Los organoides nos introducen en una nueva
categoría de seres intermedios. Por ejemplo: cuasi-cerebros que desarrollen ciertas funciones de computación, que aún no logran las redes neuronales
digitales (que no son sino programas que se instalan en ordenadores secuenciales
tradicionales, aunque simulen el comportamiento en red). La cuestión intrigante
es cuál será nuestra actitud moral hacia estos objetos. No hemos tenido
problemas (por ahora) con el desarrollo de inteligencias artificiales basadas
en algoritmos clásicos o en redes neuronales, porque, al fin y al cabo, están
basadas en un mundo de silicio, pero ¿qué ocurrirá si empezamos a crear
funciones mentales en cuasi-cerebros húmedos, vascularizados, modelados por
neurotransmisores (por tanto por cuasi-emociones)? Buena pregunta.
La conversación nos llevó entonces a
territorios más pantanosos como son los de la investigación con embriones
humanos. Como es sabido, la regla moral que se ha impuesto es la llamada de los
catorce días. Se permite experimentar con embriones siempre que no hayan
cumplido 14 días, en los que aún no se ha desarrollado el esquema orgánico
mínimo ni mucho menos el tejido neuronal. La Iglesia Católica se opone incluso
a esta regla a pesar de que, de hecho, está admitida internacionalmente en la
investigación médica. Ahora bien, ¿qué ocurre si se emplea este embrión para continuar
su desarrollo artificialmente? No me refiero a la creación de bebés probeta
sino de otros nuevos organismos extraños diseñados para quién sabe qué
propósitos.
Por supuesto que todas estas investigaciones
son aún territorio controvertible y más que peligroso.

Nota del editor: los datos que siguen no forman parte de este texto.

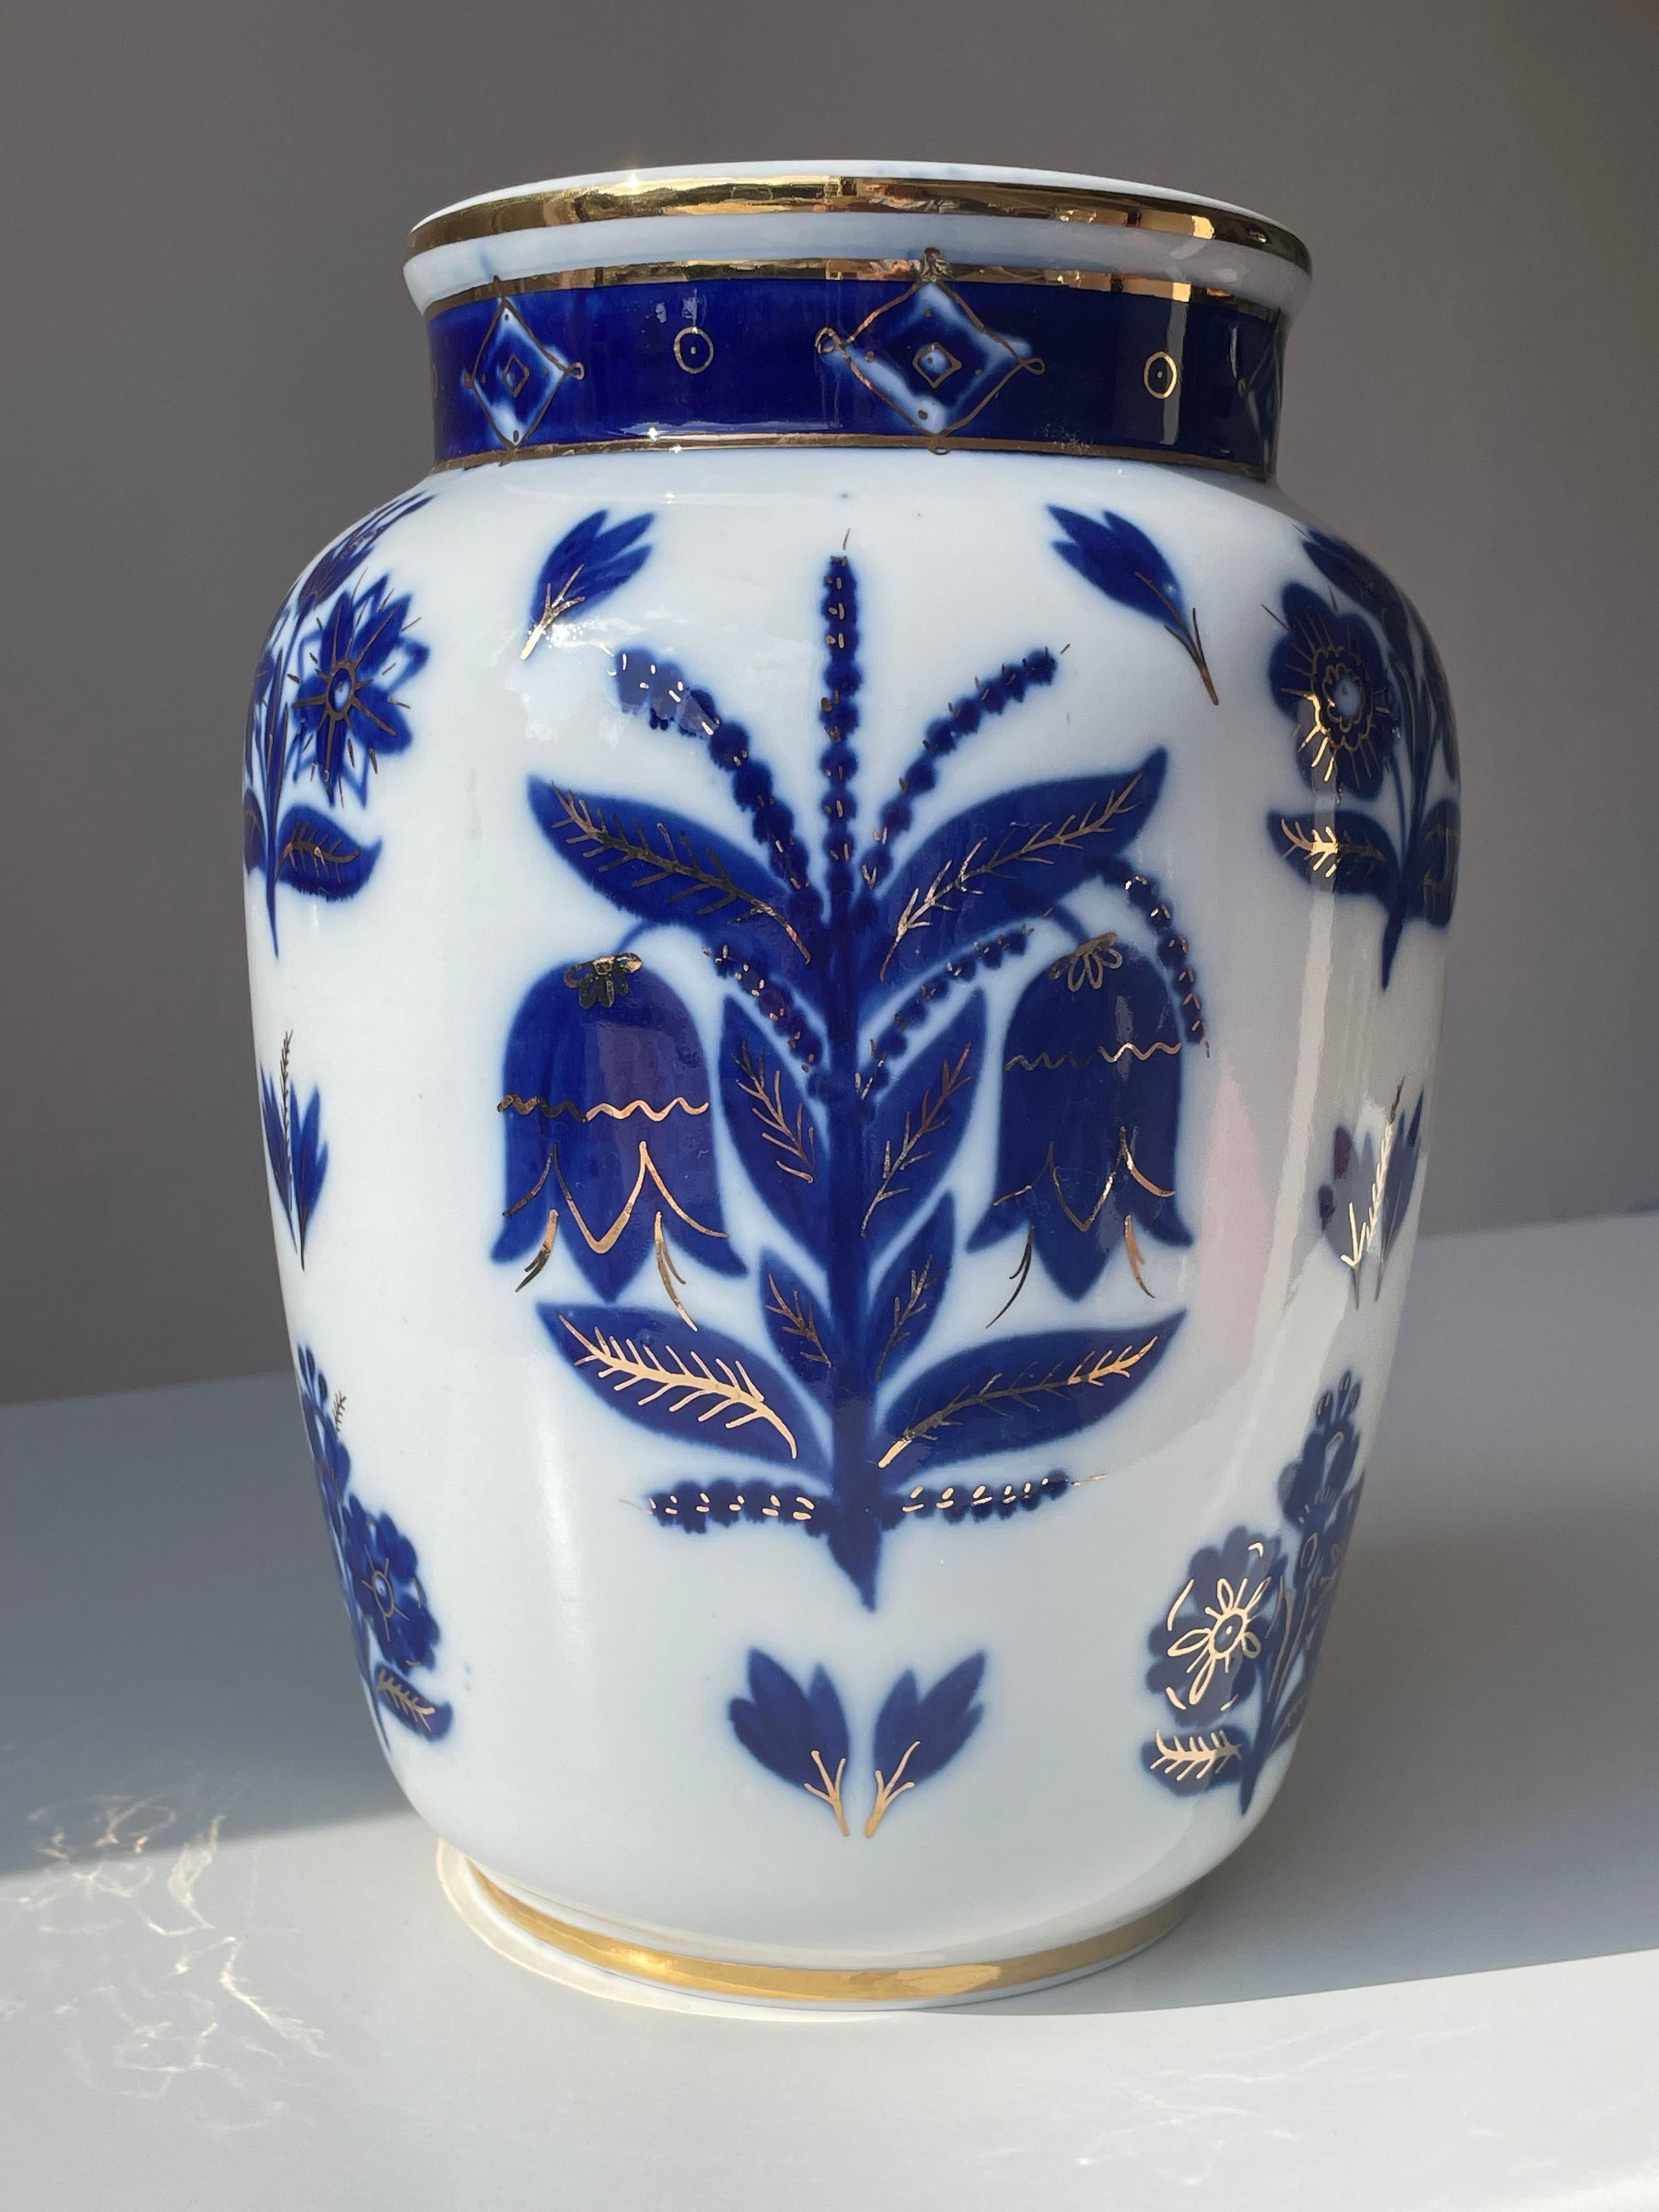 Große russische Vase aus weißem, blauem und goldenem Blumenporzellan, hergestellt in den 1950er Jahren von der 1744 gegründeten Lomonossow-Porzellanfabrik. Weich geformte, organische Vase aus der Jahrhundertmitte, von Hand dekoriert mit großen,

Mientras seguía la conversación mi cerebro continuaba trabajando en modo doble y pensaba, de nuevo, que no parece que haya
restricciones a la construcción de robots androides (o ginoides, especialmente para
usos del mercado sexual) puesto que están hechos de materiales no biológicos.
No nos importa la inteligencia artificial ni los cuerpos artificiales siempre
que sean metálicos o plásticos, pero sí cuando la investigación se desarrolla
en el espacio de la vida artificial. La pesadilla de Un mundo feliz, con una población
diseñada para funciones jerárquicas, no parece tan lejos (de hecho, parece que
la estamos produciendo ya por métodos económicos: la desigualdad creciente
también produce desigualdad creciente en capacidades epistémicas. Camareros con
un inglés básico enchufados al fútbol, como pretende la estrategia neoliberal).
Y por último, las quimeras que, como bien se
sabe, eran animales míticos formados por la mezcla de dos o más especies. Es ya
un territorio abierto: la inserción de genoma de una especie en otra. Quizás,
nos tememos, genoma humano en grandes simios u otras especies.Todo el rollo este del transhumanismo me
recuerda cada vez más a las carretas del Oeste que transportaban frascos de
nitroglicerina para las minas de oro. Es cierto lo que decía Hegel que la lechuza
de Minerva alza su vuelo en el atardecer de la historia, cuando esta ha hecho
su trabajo y la filosofía lo traduce en conceptos. Pero, por una vez deberíamos
pensar que es muy importante dar nombres a las cosas antes de que estas existan.
En un espacio de posibilidades cercanas, dar nombre puede significar despejar
un poco la niebla del futuro. A mí personalmente siempre me ha interesado la
naturaleza ciborg pero tal vez es el momento de distinguir ciborgs de monstruos
nada prometedores. Hay muchas razones de orden moral para hacerlo, aunque a mí me
interesan más las políticas: ¿Cuánto van a costar estos inventos en términos de
sostenibilidad ecológica y social?, ¿quiénes van a pagar estos costos? Porque
mucho me temo que sean los de siempre y que los beneficios se los lleven los de
siempre.
La bioética y la biopolítica (no la de Foucault) tienen trabajo que hacer. Lo tenemos todos los ciudadanos y los gobiernos. Pero también la metafísica. La cadena del ser parece tener ahora extraños eslabones.